Speaking about chronological ageing and photoageing of skin, there is a close connection between expression of melatonin, Ki67 antigen, and p53 protein in the skin. As the secretion of melatonin having cytostatic and antioxidant effects goes down, p53 protein characterized by proapoptotic effects begins to accumulate in cells, which reflects a complex of adaptive changes aimed at maintaining the homeostasis of ageing skin. P53 protein is a transcriptional factor regulating the cell cycle acting as a suppressor of malignant tumors development. The gene of this protein is normally considered an antioncogene and is located on the short arm of chromosome 17 (17p13.1). In epidermis of young patients (19-27 years old) immunocoloring of keratinocyte nuclei by p53 antibodies was seen in the cells of the lower and middle sections. Moreover, the more keratinized the cells were, the less dense was distribution of immunopositive nuclei. Epidermis thinning associated with skin ageing was characterized by levelling the gradient of immunocoloring of their nuclei depending on the differentiation of keratinocytes and by a tendency for an increase in p53 index. Apparently, an insignificant decrease in the absolute number of immunopositive keratinocyte nuclei is a consequence of epidermis thinning and the age-related fall in the total number of cells in it.
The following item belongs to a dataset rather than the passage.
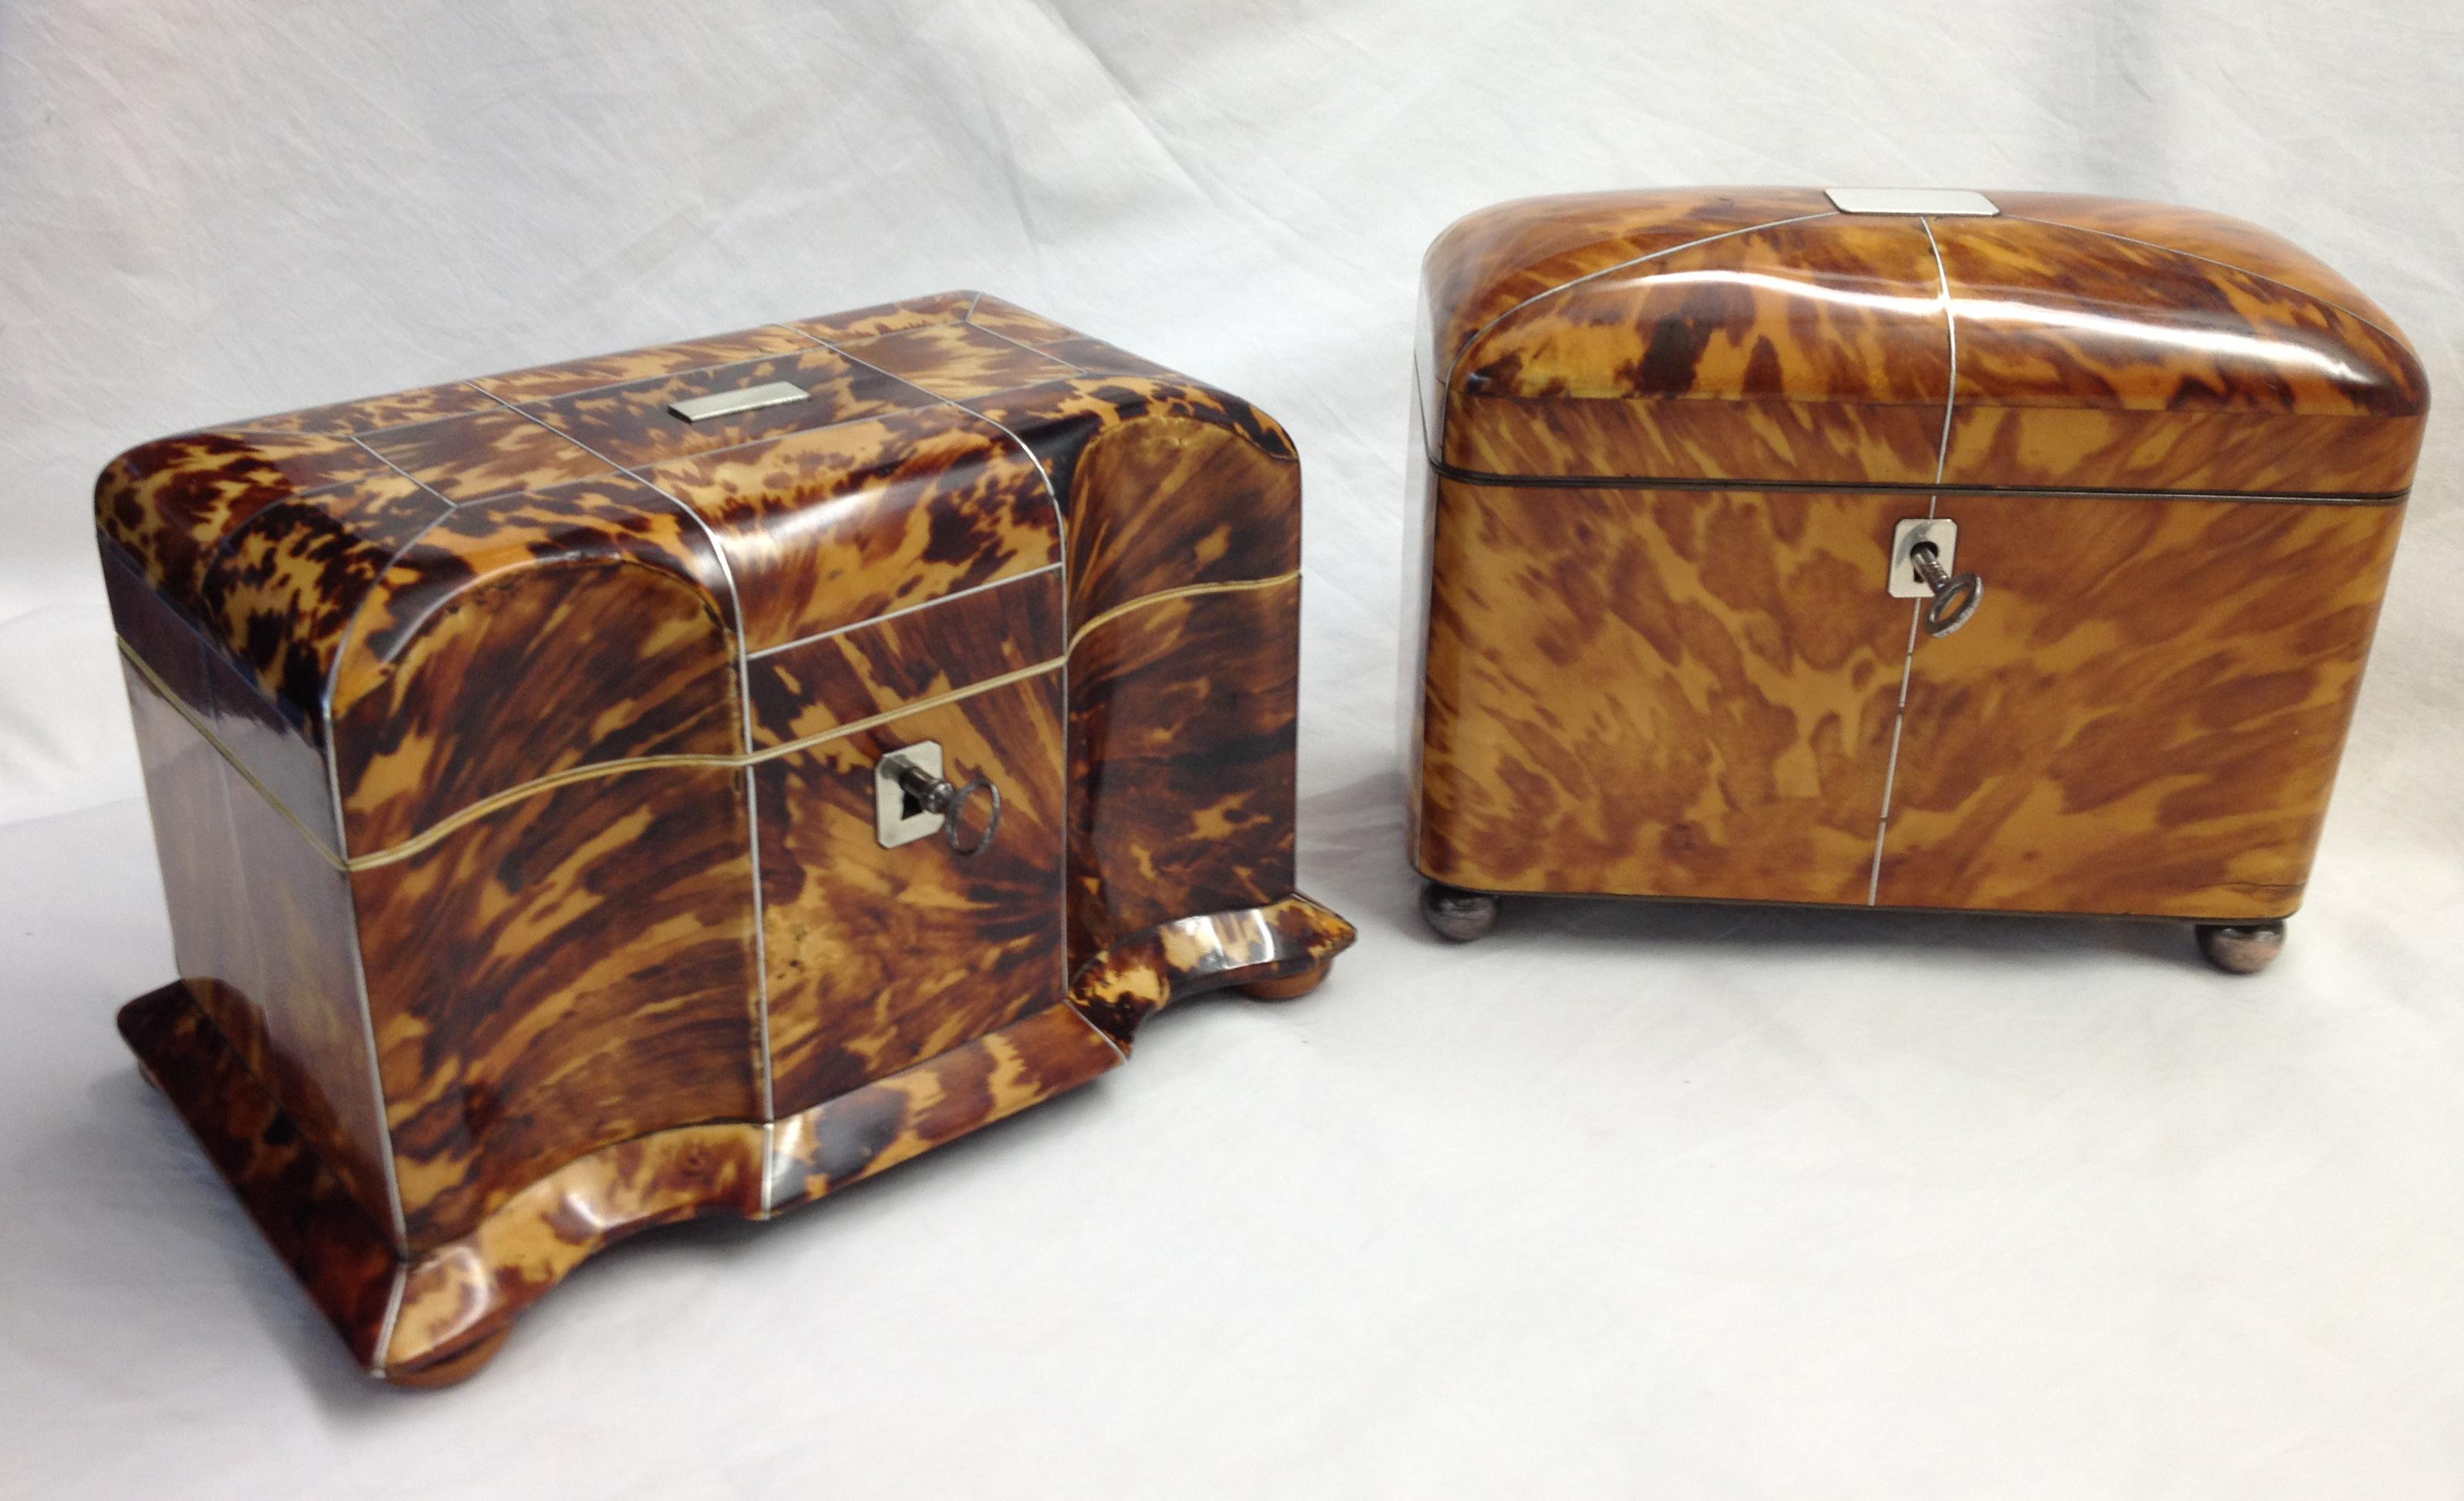 Tortoiseshell Tea Caddys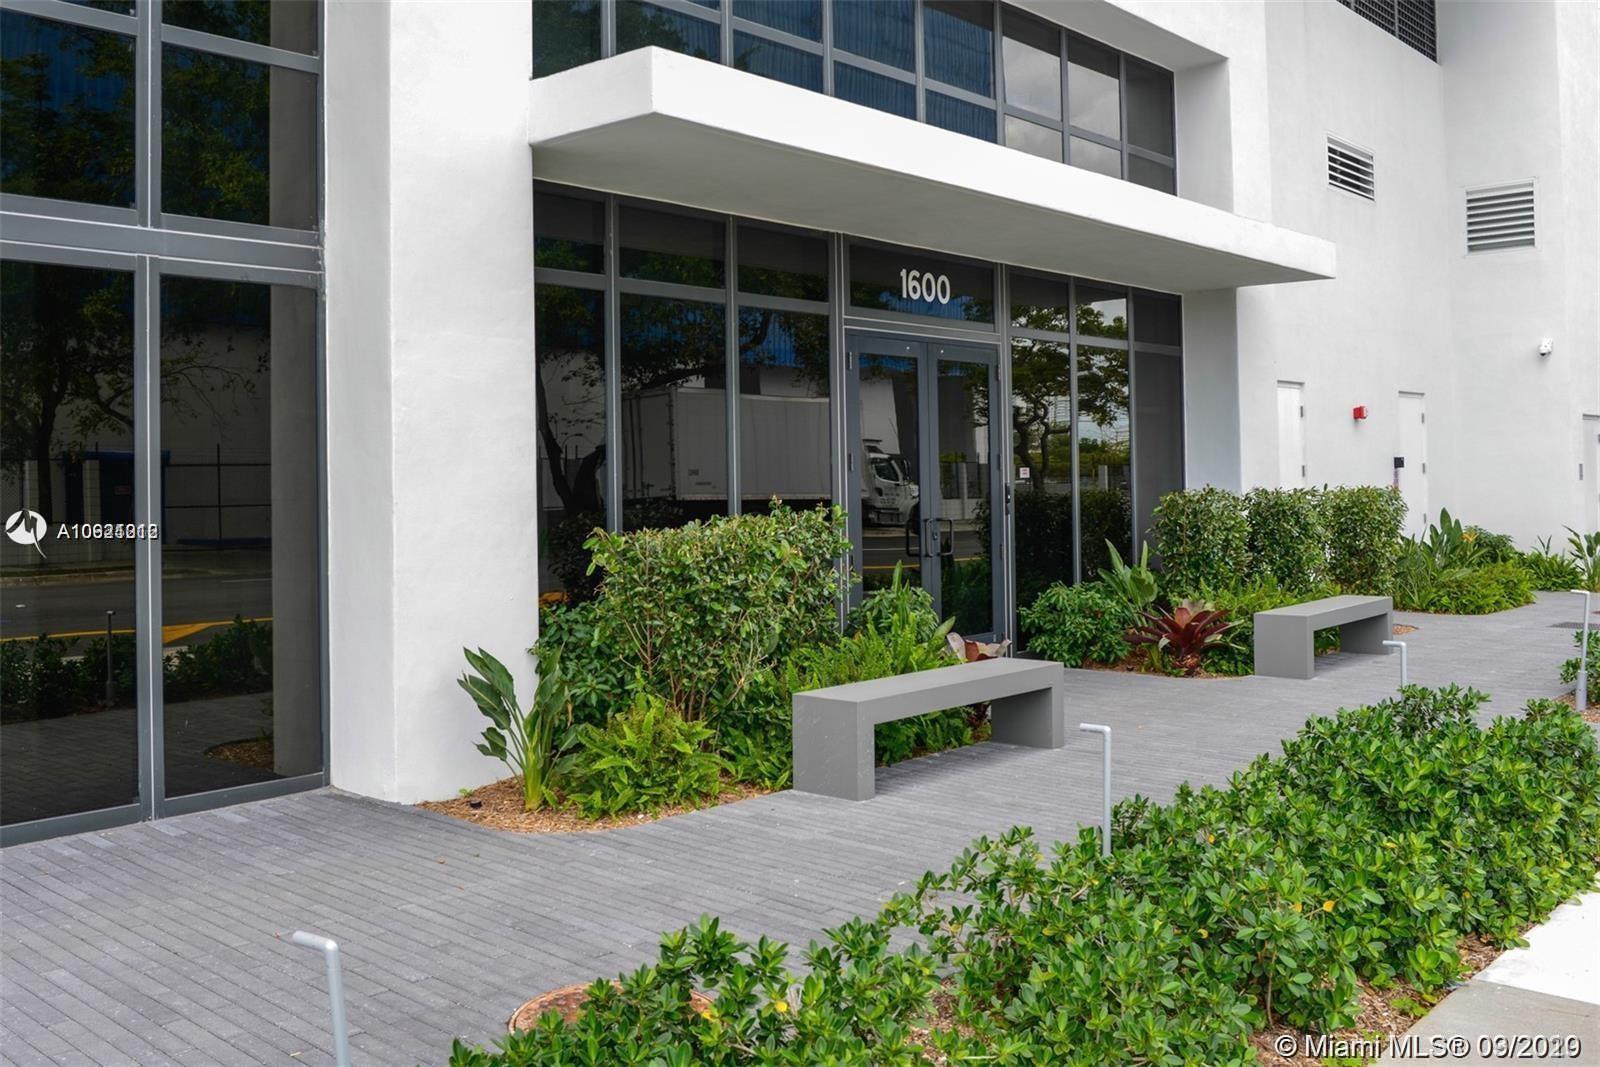 Canvas #1005 - 1600 NE 1st Ave #1005, Miami, FL 33132

Expression of p53 protein was also found in derma cells. The absolute number of immunopositive cells and p53 index tended to grow as patients got older.

Conclusion

To sum up, age-related specifics of morpho-functional state of ageing skin are most fully reflected by indices of PCNA and p53 proteins expression – among all the studied parameters – which means that these can be used for assessing the biological age of skin. All the markers mentioned above are easily identified in immunohistochemical reactions, reflect fundamental processes and provide information about the functional state of skin. Their changes intimately correlate with patients’ physiological age, and have peculiar age-related dynamics properties as well.